Diverses manoeuvres sont proposées:

 

¨       Manoeuvre de Trendelemburg. Elle recherche une incontinence ostiale. La surévélation du membre assure la vidange veineuse. Un garrot est alors mis en place à la racine du membre; le sujet est ensuite placé debout. On enlève le garrot. Si les varices se remplissent de bas en haut, la saphène est continente ; si le remplissage se fait de haut en bas, la saphène est incontinente.

 

¨       Manoeuvre de Schwartz. Lorsque les valvules des veines superficielles sont continentes, la main inférieure ne perçoit pas le flot transmis par la percussion de la veine par la main supérieure. Mais la percussion inférieure est transmise aux doigts de la main supérieure. En cas d’incontinence, la main inférieure perçoit le flux provoqué par la percussion de la veine par la main supérieure.

 

¨       Manoeuvre de Perthes ou épreuve des garrots étagés. Moins utilisée, elle recherche une thrombose des veineuses profondes. Un garrot est placé à la racine de la cuisse et on fait marcher le sujet. Si les varices se vident, la voie profonde est libre ; si les varices deviennent turgescentes et douloureuses, il existe un obstacle à la circulation profonde.

 

III.4- Evolution

 

A partir de ces données sémiologiques simples, il est possible de proposer une classification de l’insuffisance veineuse chronique:

 

¨       Stade I. Il est défini par la présence de symptômes: lourdeurs, paresthésies, sensations subjectives d’œdème, absence de signe objectif.

 

¨       Stade II. Il comporte la dilatation du réseau veineux superficiel (couronne phlébectasique, varices), la dermite ocre, la lipodermatosclérose, l’œdème objectif.

 

¨       Stade III. Il est caractérisé par l’atrophie blanche et les ulcères.

 

Manœuvre de Schwartz.

 

A: Veines superficielles normales.

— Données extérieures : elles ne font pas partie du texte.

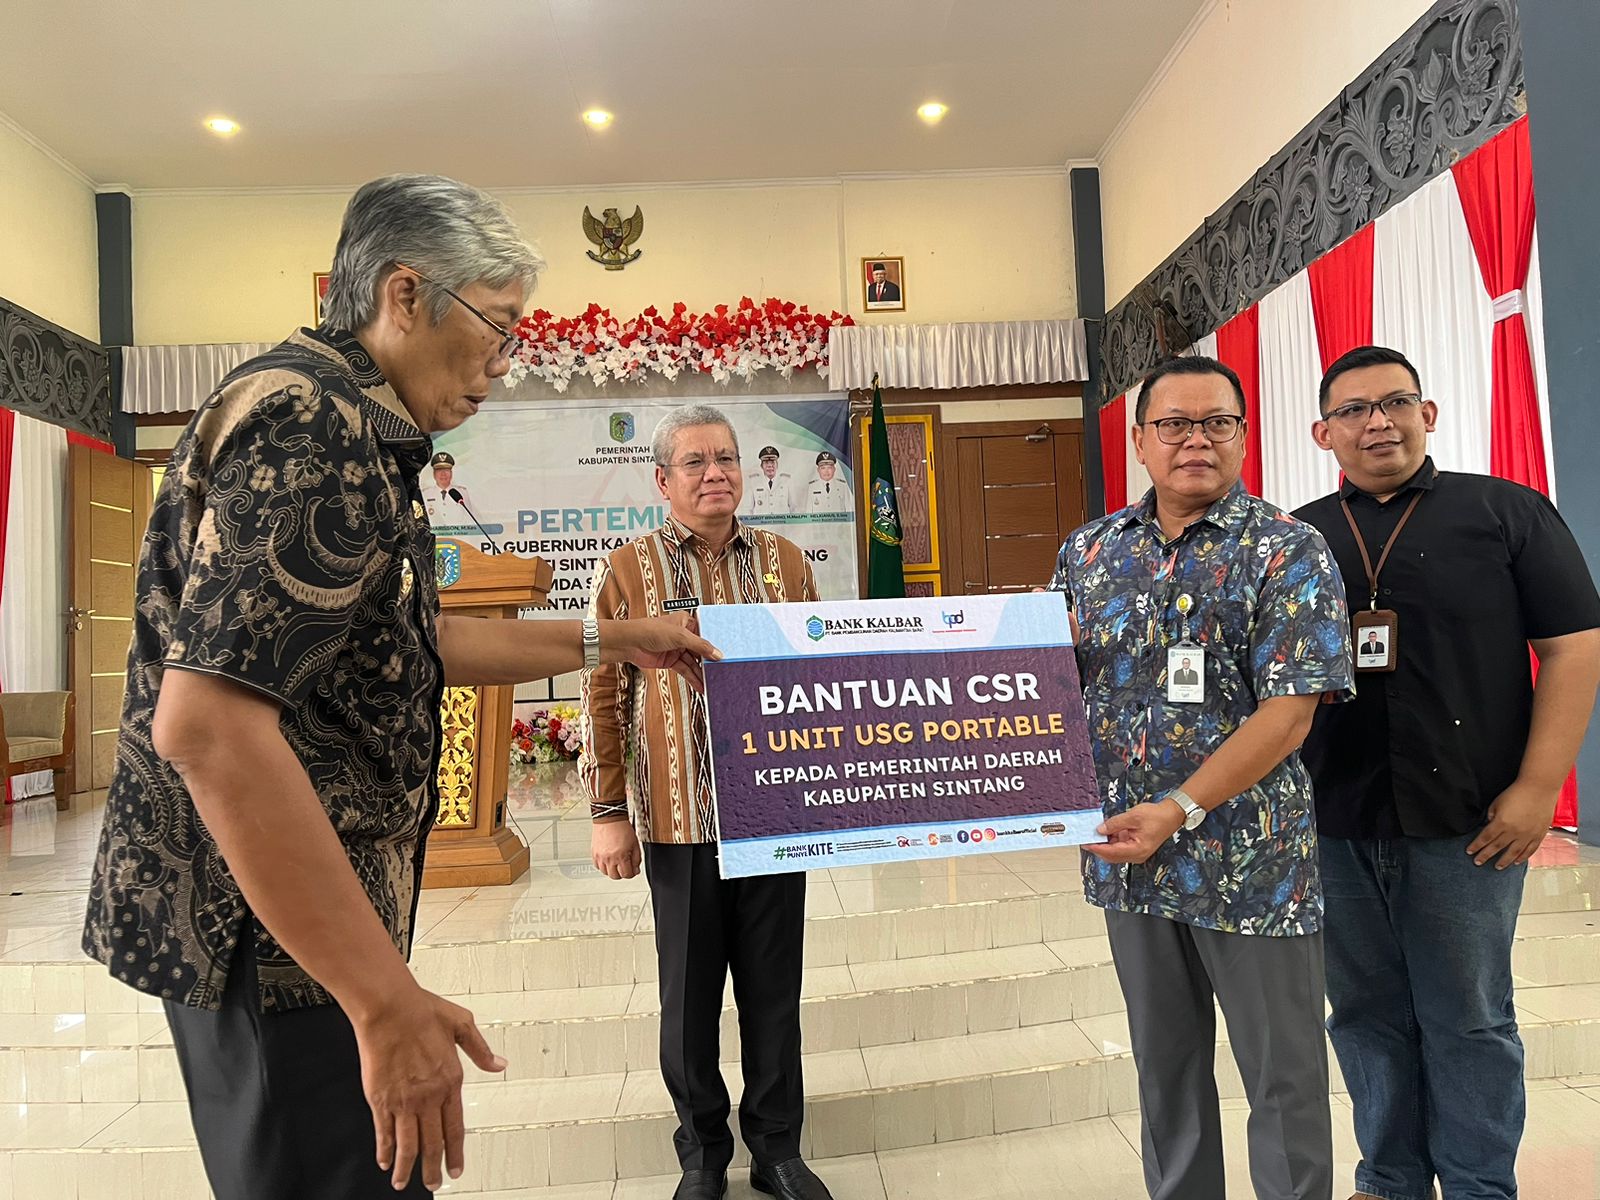 Dirut Bank Kalbar, Rokidi menyerahkan bantuan CSR secara simbolis kepada Bupati Sintang Jarot Winarno di Aula Pendopo Bupati Sintang. (Foto: Jauhari/KalbarOnline.com)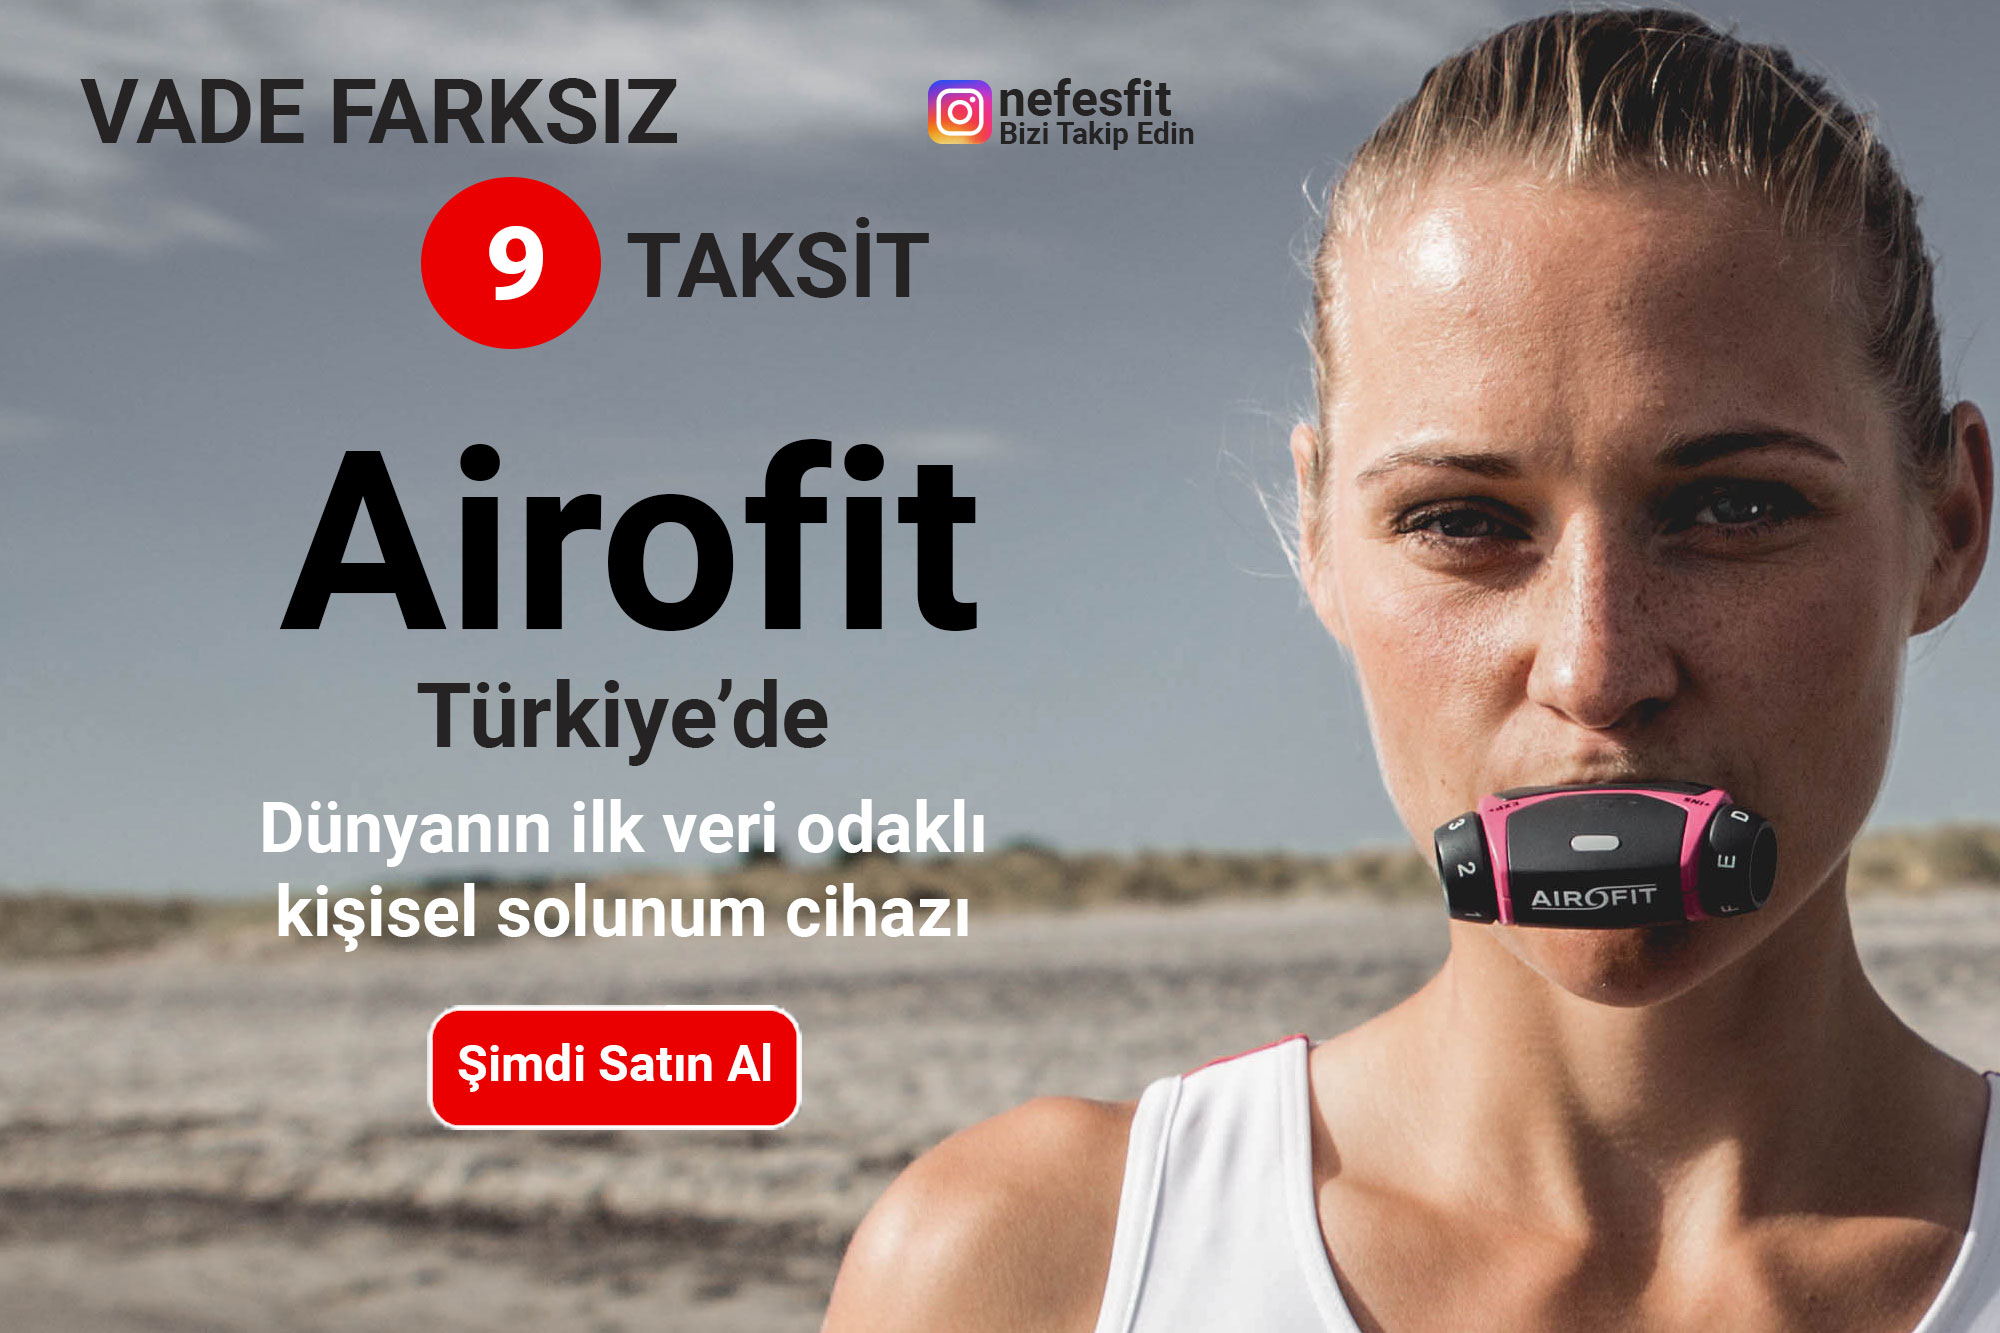 airofit price

Lorsque les valvules sont continentes: A1: la main inférieure ne perçoit aucun flot transmis par la percussion des doigts supérieurs. A2: la main supérieure perçoit le flot transmis par la percussion des doigts inférieurs (sens normal du courant).

 

B:  Veines variqueuses. Lorsque les valvules sont incontinentes: B1: la main inférieure perçoit le flot transmis par la percussion des doigts supérieurs. B2: la percussion par les doigts inférieurs est perçue par la main. La compression en amont de la veine superficielle permet de reconstituer le trajet de certaines veines incontinentes.


[1] Ce terme est cependant très général et il faut souligner que l’obstruction aiguë du système veineux profond constitue en elle-même par définition une insuffisance veineuse. Il est cependant convenu de séparer la thrombose veineuse aiguë du cadre de l’insuffisance veineuse chronique.